He also discovered that even after a good night's sleep, bread, waffles, or bagels made him tired, while eggs made him active. His excessive cholesterol and diabetes blood sugar levels convinced him to alter.
Davis launched a wheat-free trial and encouraged his overweight, diabetes-prone patients to do so. He provided a low-glycemic index food list. He advised them to consume them instead of wheat-based items and return for a checkup three months later.
Davis notes that most patients lost a lot of weight and had normal blood sugar levels. His patients also reported greater energy, attention, sleep, lung, joint, and intestinal health, and more.
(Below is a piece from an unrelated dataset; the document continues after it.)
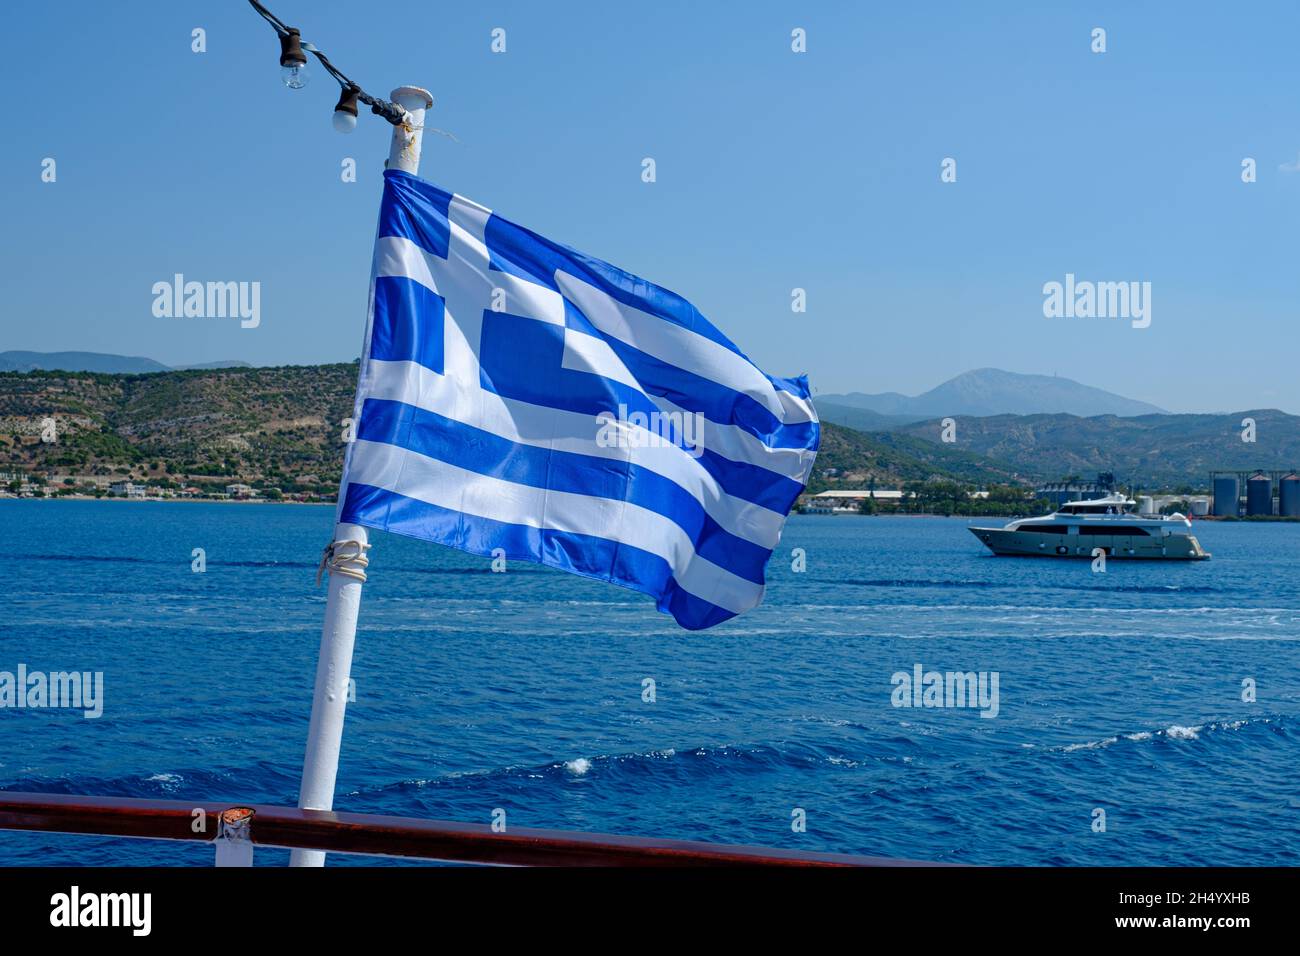 Gros plan du drapeau de la Grèce qui s'enroule dans les airs Banque D'Images

The informal experiment didn't show wheat made the difference, but it led Davis to write the book. In reality, a Journal of Cereal Science assessment revealed that Davis's wheat assertions, especially the obesity epidemic link, lack proof.
Level of Effort: Medium to High Limitations: Avoiding wheat products eliminates many items, and Davis advises against using some gluten-free goods. You can substitute them in some instances.
Since you'll eat more veggies on the Wheat Belly diet, you may need to prepare and purchase more. Most convenience foods aren't reliable, so even simple meals take additional planning.
Vegan and vegetarian: Vegetarians should find this diet easy to adjust. Vegans must rely primarily on nuts, seeds, nut butters, olives, and avocados due to a more limited diet.